Potential use

C-ORAL-ROM corpora are relevant for future research in several fields such as:

- Speech technologies: Spoken corpora can play an important role in the validation of speech technologies. Natural speech providing a broad sample of variations of spoken language is an indispensable resource in order to (a) evaluate speech recognition systems and text-to-speech synthesisers, (b) help the development of prosodic and phonological models for speech technologies, and (c) build multilingual speech recognisers based on the same sets of phonetic models.

- Lexicography and dialectology: Spoken corpora are a source in dictionary building, in particular dictionaries of use, of idioms or jargons, which enable lexicographers to study and access new words or meaning changes. Corpora of spontaneous speech also have the potential for the representative quantification of a whole language variety, above all, for those endangered varieties without available written records.

- Conversation analysis and grammar: Truly conversational and informal corpora can contribute to the understanding of how language is used in real life situations and, therefore, to the study of grammar of conversation (completely different from a text grammar): constitution of conversation, gestures role, modalities and specific forms of conversation, linguistic rules, typology, etc.

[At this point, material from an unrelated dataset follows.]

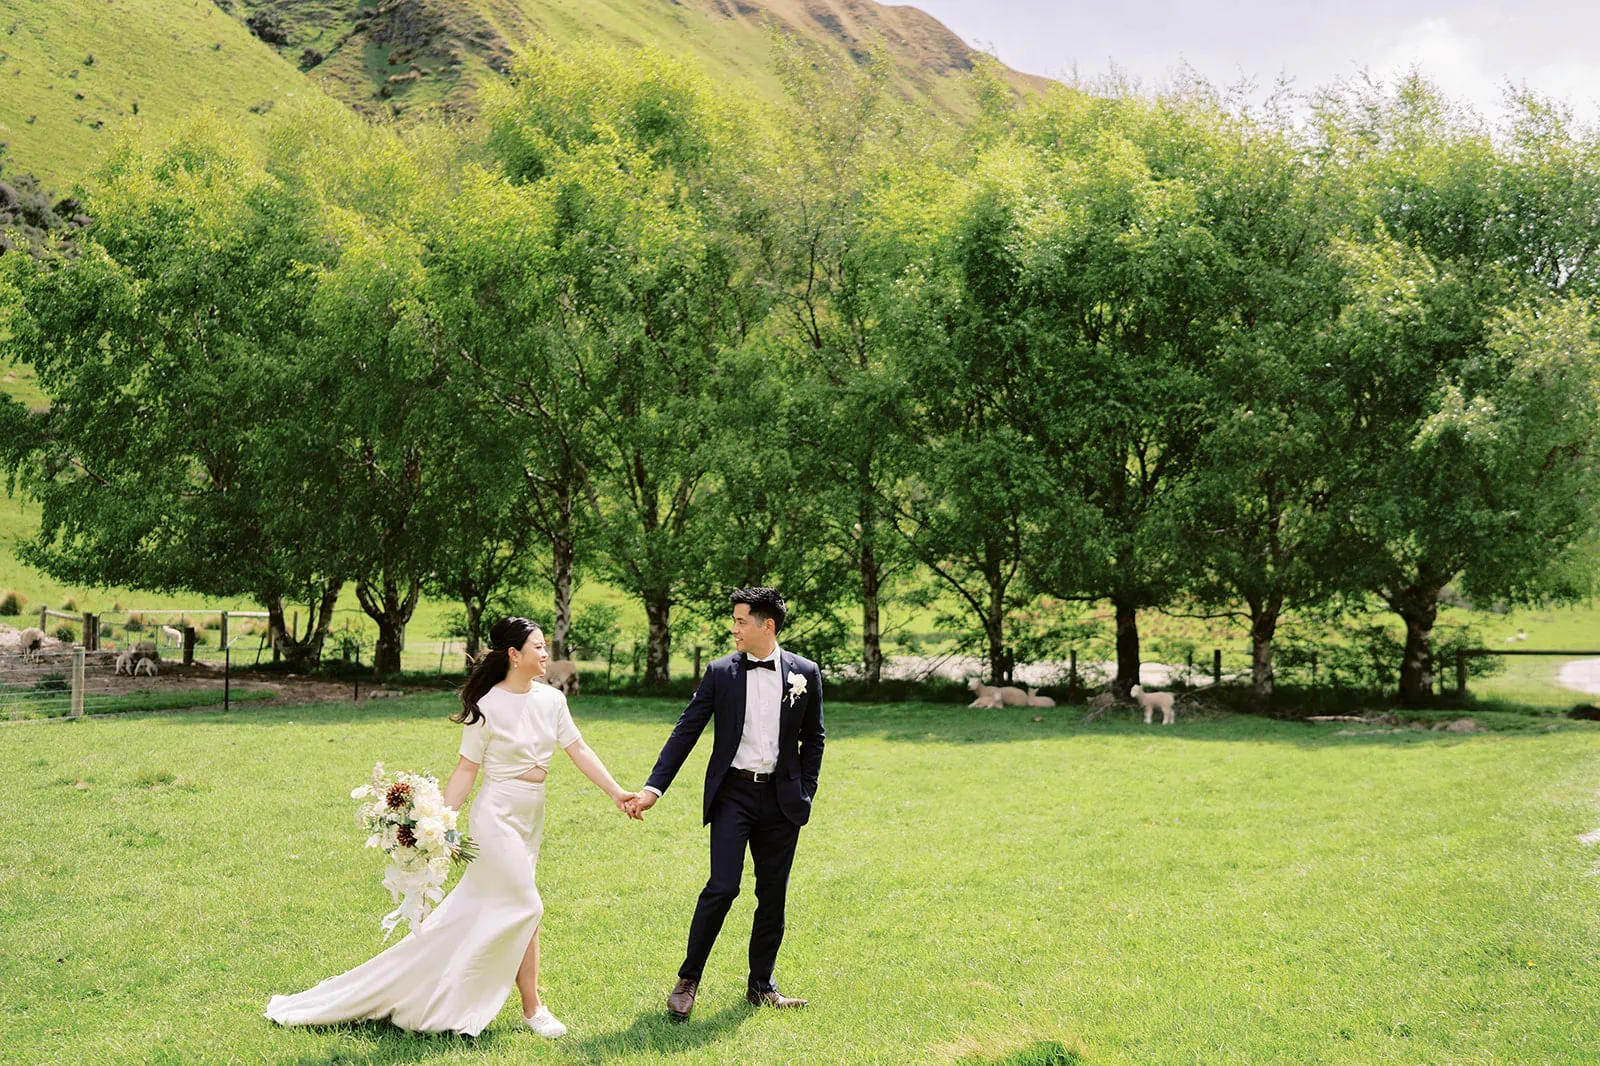 Queenstown Elopement Heli Wedding Photographer クイーンズタウン結婚式 | A pre-wedding photoshoot of a bride and groom standing in a field with mountains in the background.

- Speech therapy and logopedics: Spoken corpora could be used as a very useful tool of analysis and rehabilitation of language pathologies. Besides, this kind of resource can serve as an indispensable help for the evaluation and comparison with the speech of linguistic impaired people.

- Comparative Linguistics: Multilingual spoken corpora provide real data for the study of comparative issues concerning, for instance, morpho-phonology: description of process of diphtongization, nasalization, palatalization and others dealing with the main Romance languages.

- Research on the interface between linguistic levels. If a corpus is annotated at multiple linguistic levels, it is easier to ask and answer to questions about how a given structure at one level maps to a structure at another level. C-ORAL-ROM corpora will provide annotation for phonetic, prosodic, syntactic, semantic and discourse information, as well as sociolinguistic variables (age, sex, education, dialect, profession).